◆ **What you will do**
For the copy, please give all of the data again exactly and leave the pictures out.

◆ **Provided data**

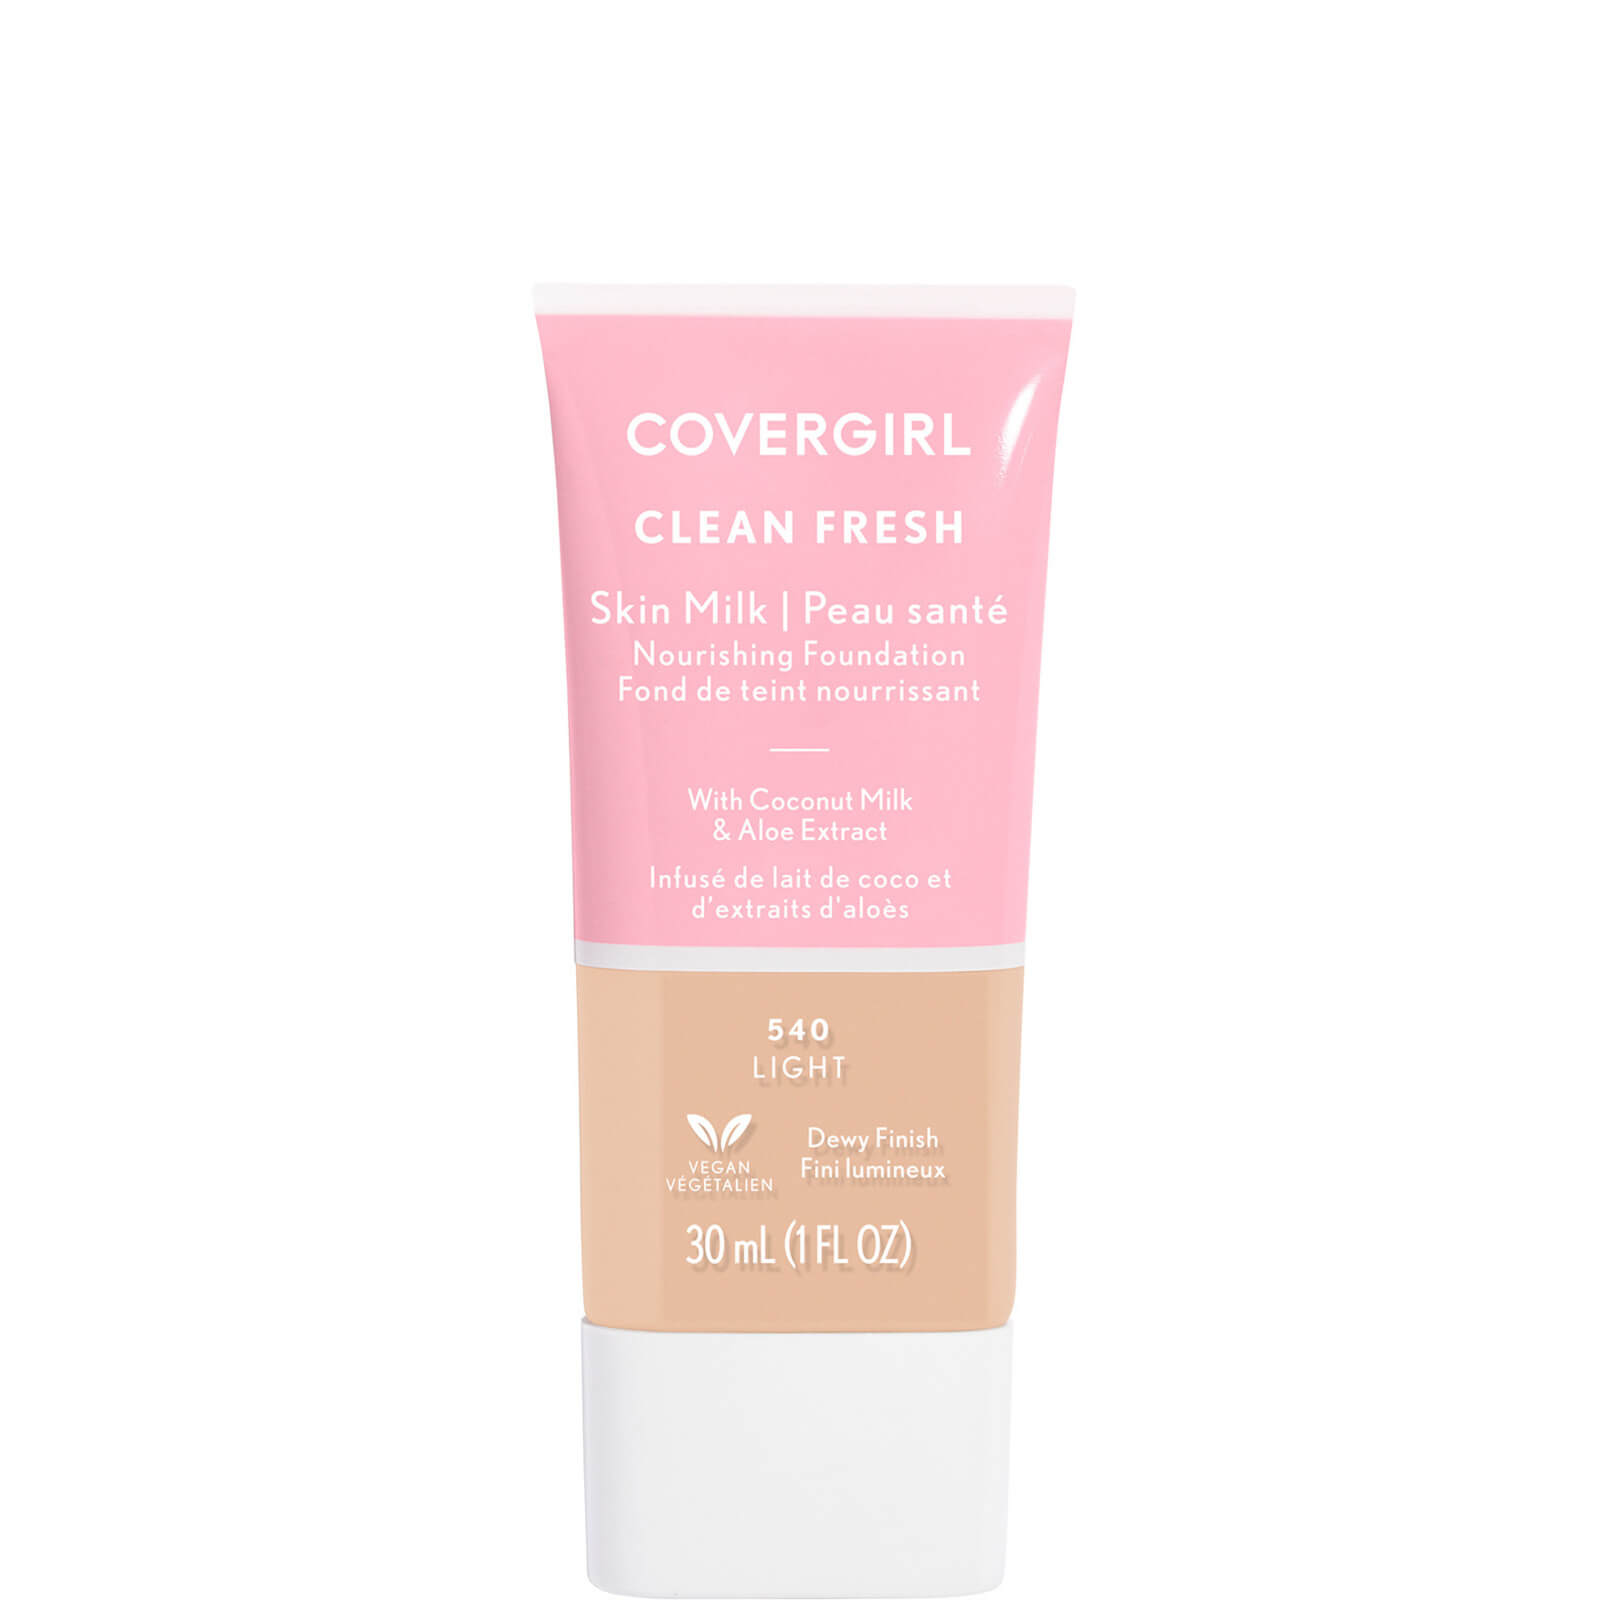 Covergirl Clean Fresh Skin Milk Foundation 1oz (Various Shades) - Light
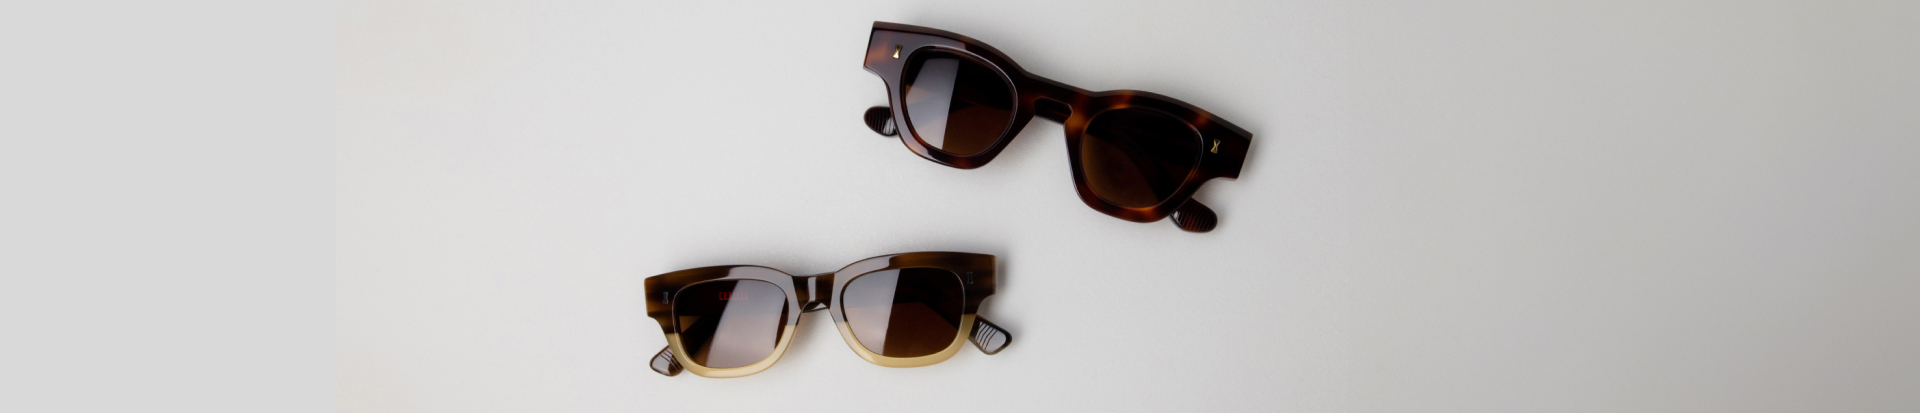 Affordable Essentials: Sunglasses
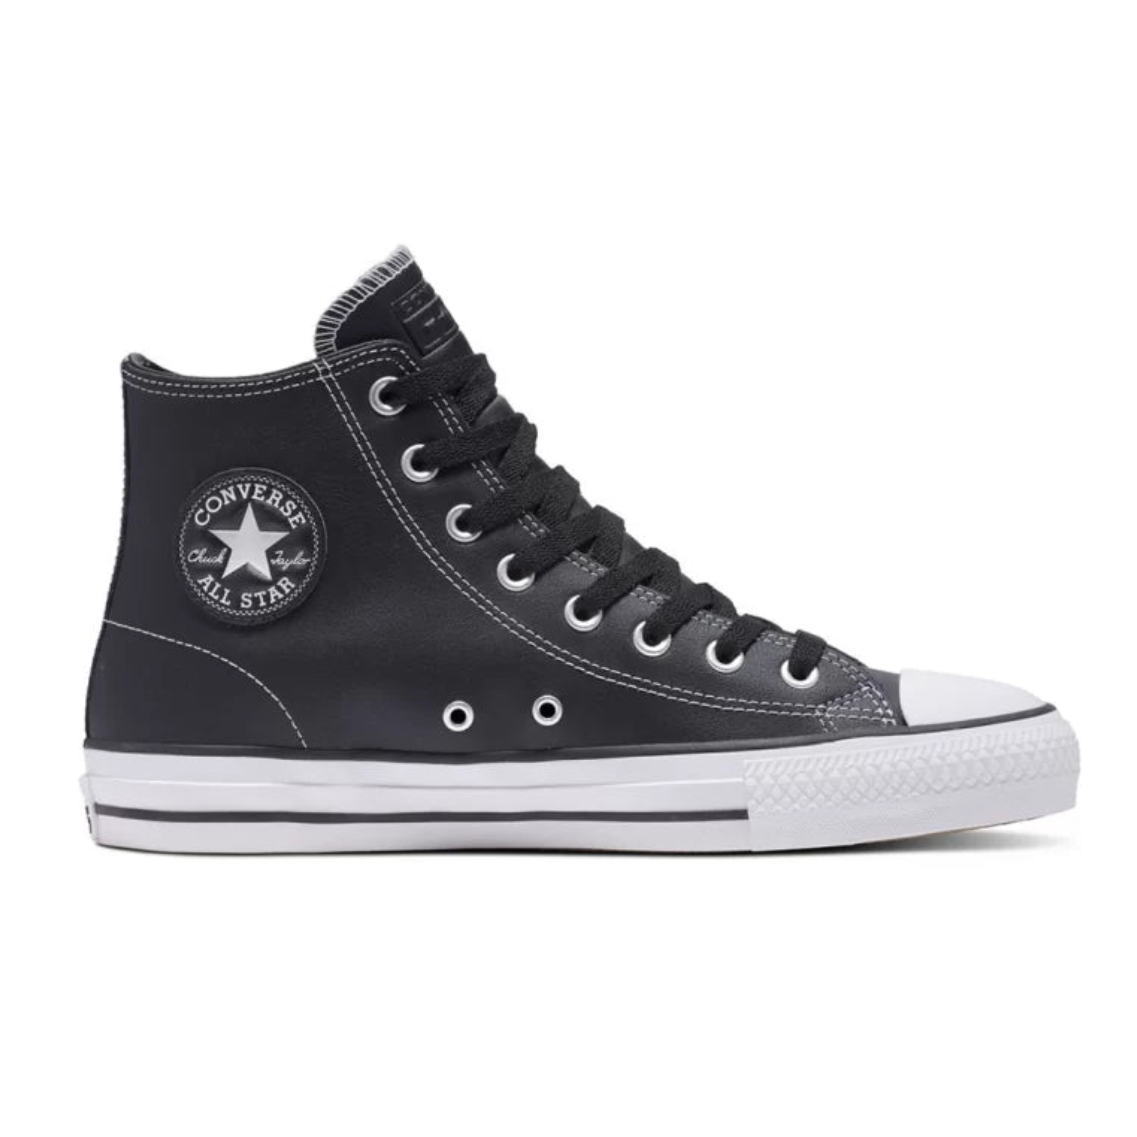 Converse CTAS Pro Hi Leather - Black / White

◆ **Output for this task**
 Covergirl Clean Fresh Skin Milk Foundation 1oz (Various Shades) - Light
 Affordable Essentials: Sunglasses
 Converse CTAS Pro Hi Leather - Black / White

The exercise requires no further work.